Transcribe each record exactly, but omit pictures.

--------------------------------------------------

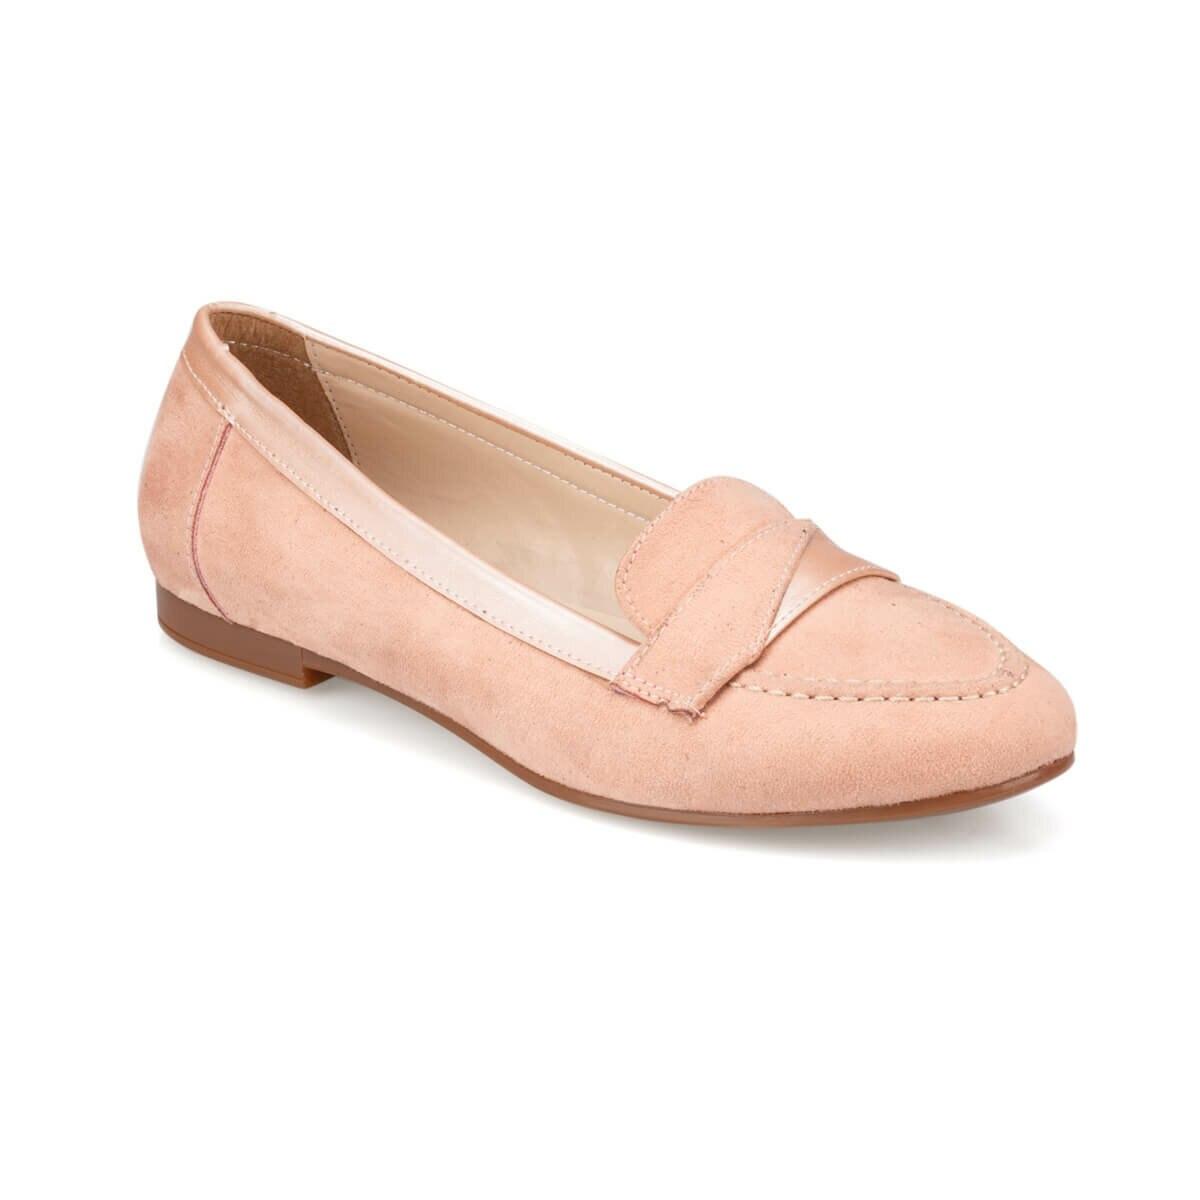 FLO 91.313048SZ Salmon Women Loafer Shoes Polaris
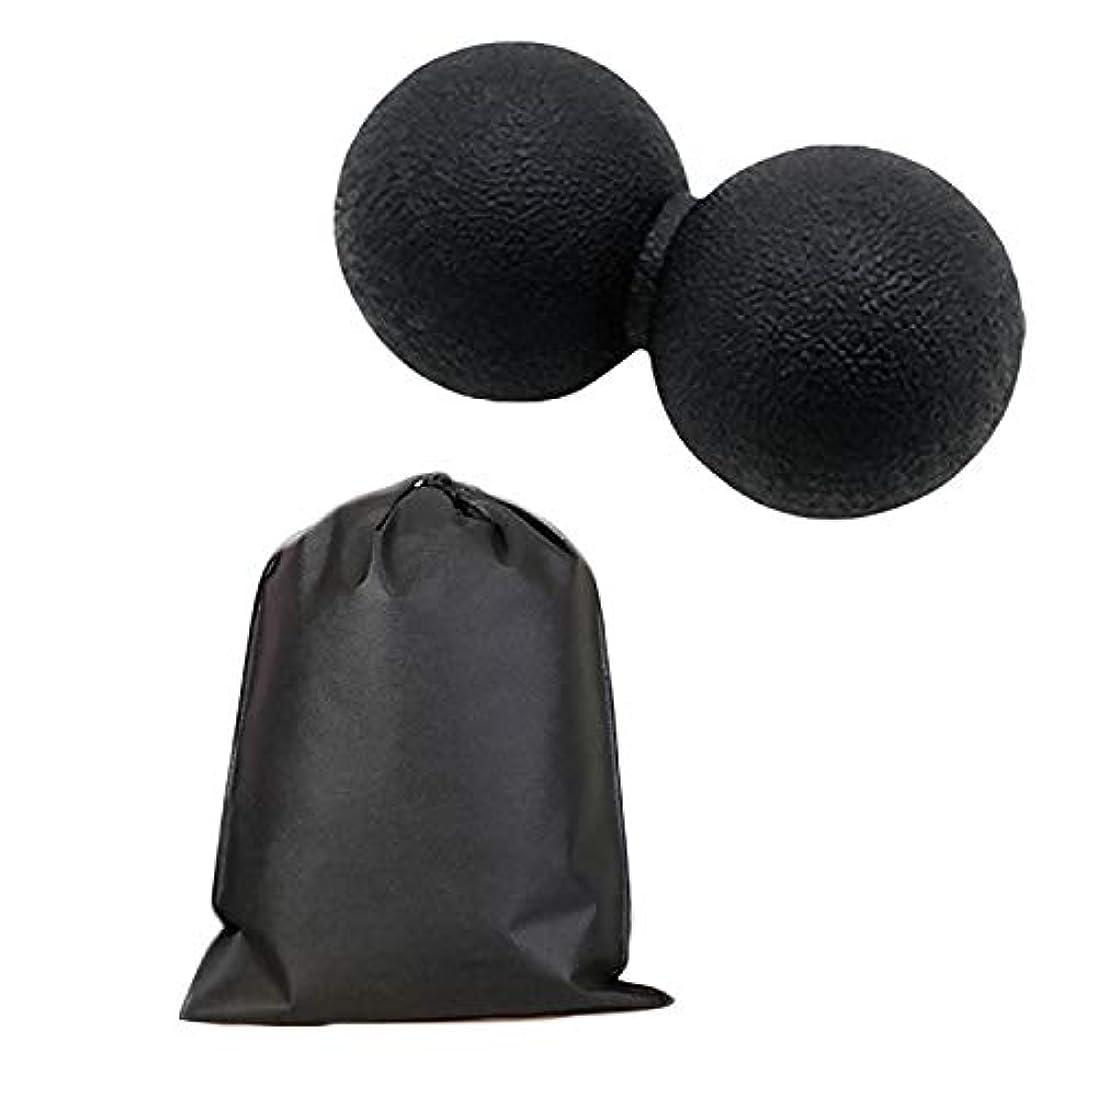 についてダンプ好意的Migavan マッサージボールローラーバックマッサージボール収納袋が付いているピーナツマッサージのローラーボールのマッサージャー
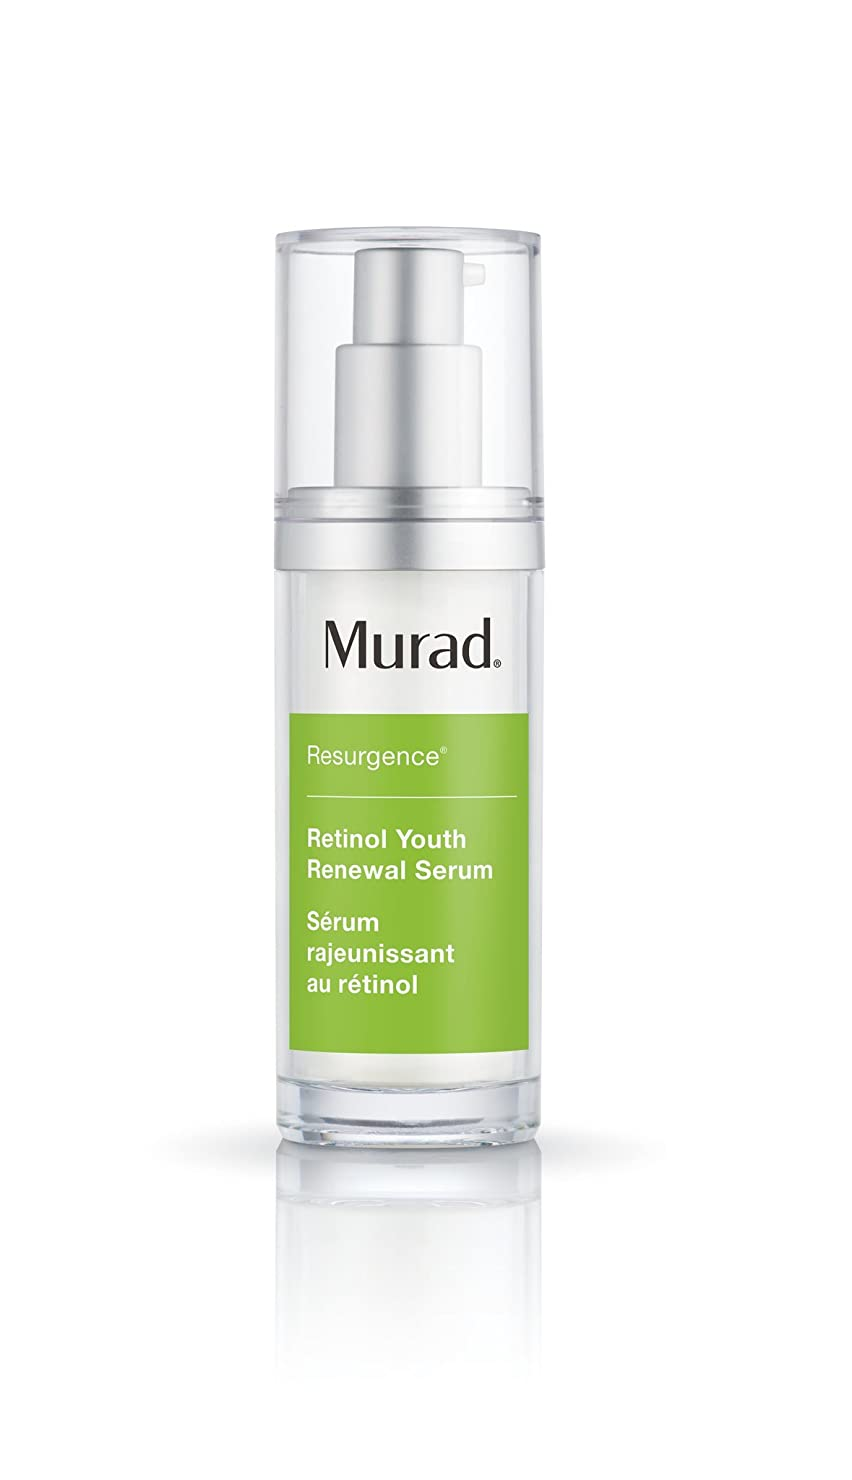 発揮する普遍的な航空ミュラド Resurgence Retinol Youth Renewal Serum 30ml/1oz並行輸入品
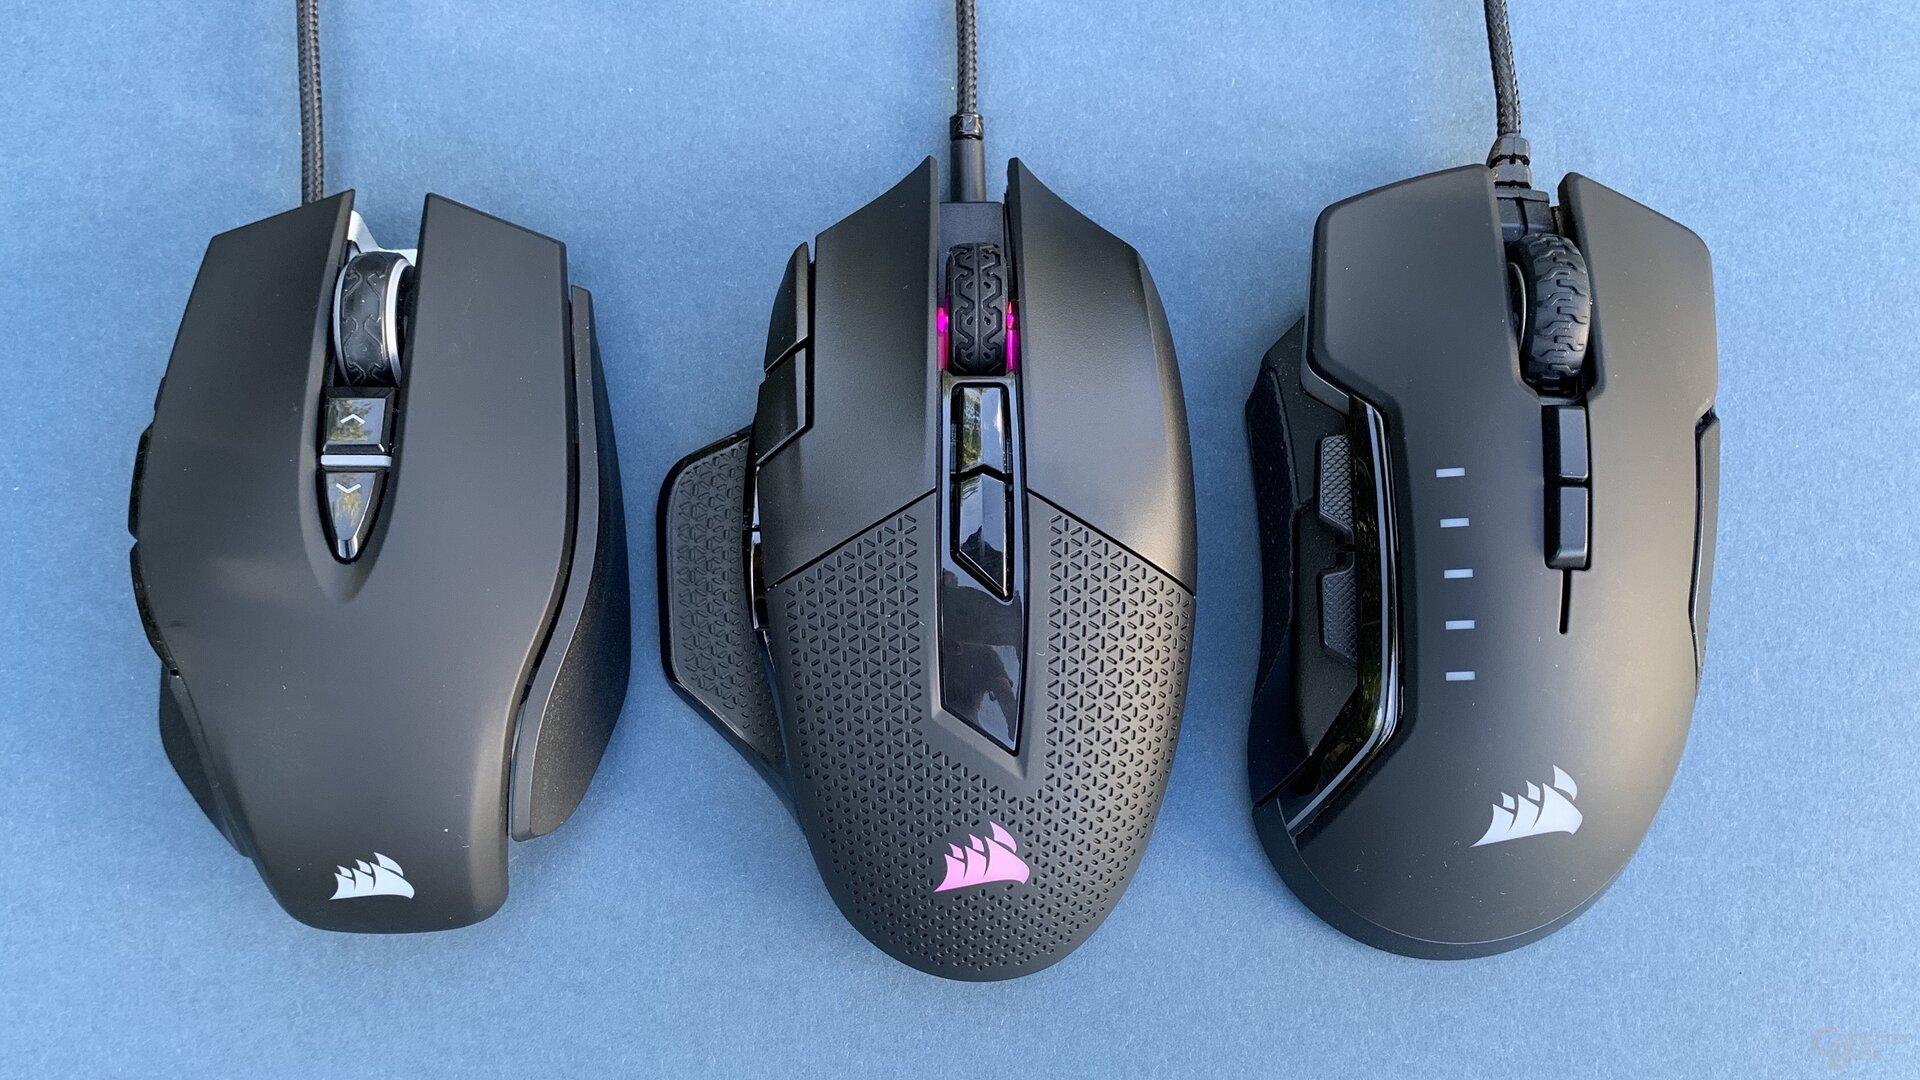 Corsair M65 RGB Elite, Nightsword RGB und Glaive RGB Pro
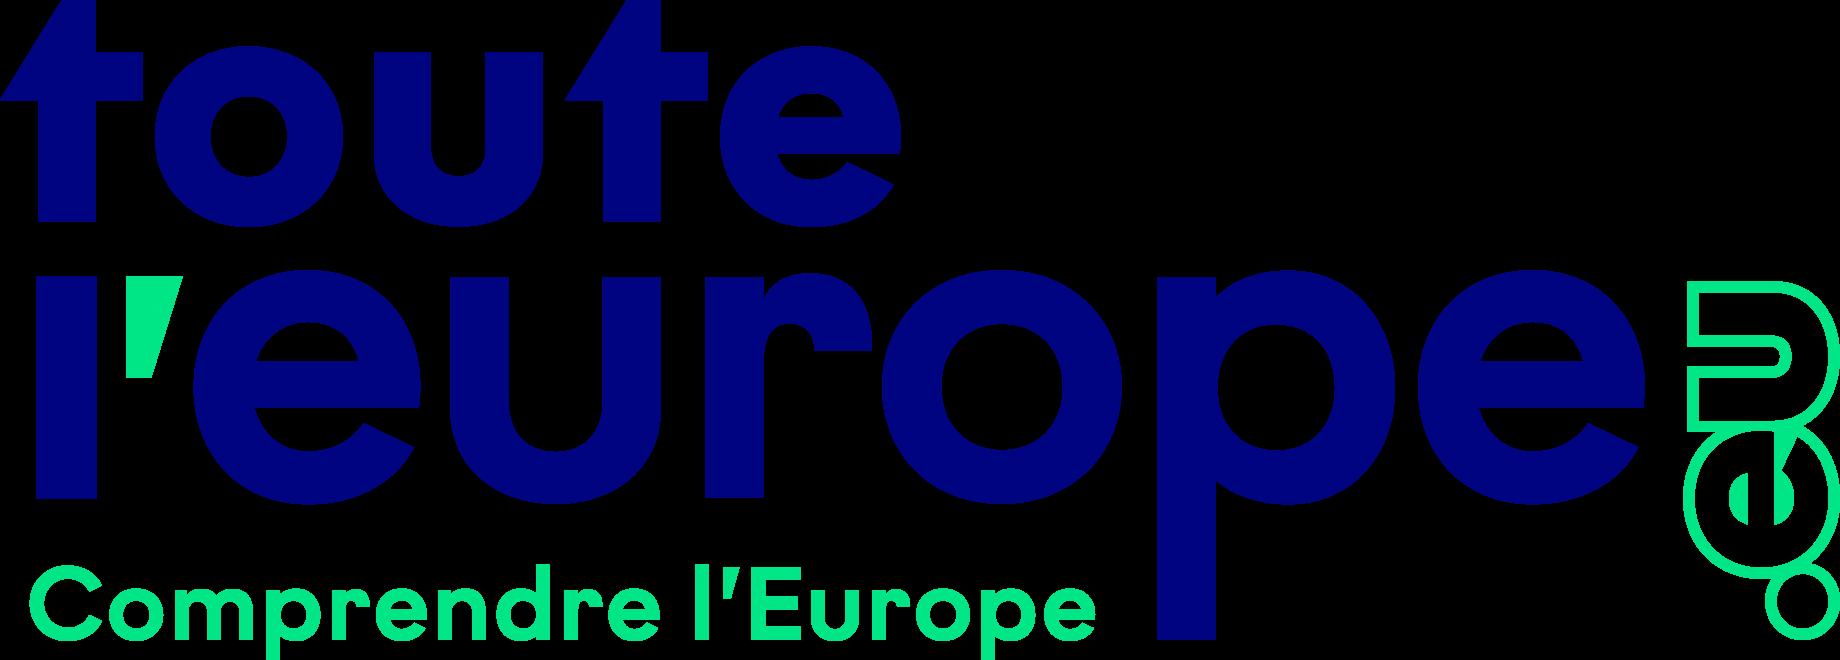 Toutel'europe.eu

--------------------------------------------------

> [Response area]:
 FLO 91.313048SZ Salmon Women Loafer Shoes Polaris
 についてダンプ好意的Migavan マッサージボールローラーバックマッサージボール収納袋が付いているピーナツマッサージのローラーボールのマッサージャー
 発揮する普遍的な航空ミュラド Resurgence Retinol Youth Renewal Serum 30ml/1oz並行輸入品
 Corsair M65 RGB Elite, Nightsword RGB und Glaive RGB Pro
 Toutel'europe.eu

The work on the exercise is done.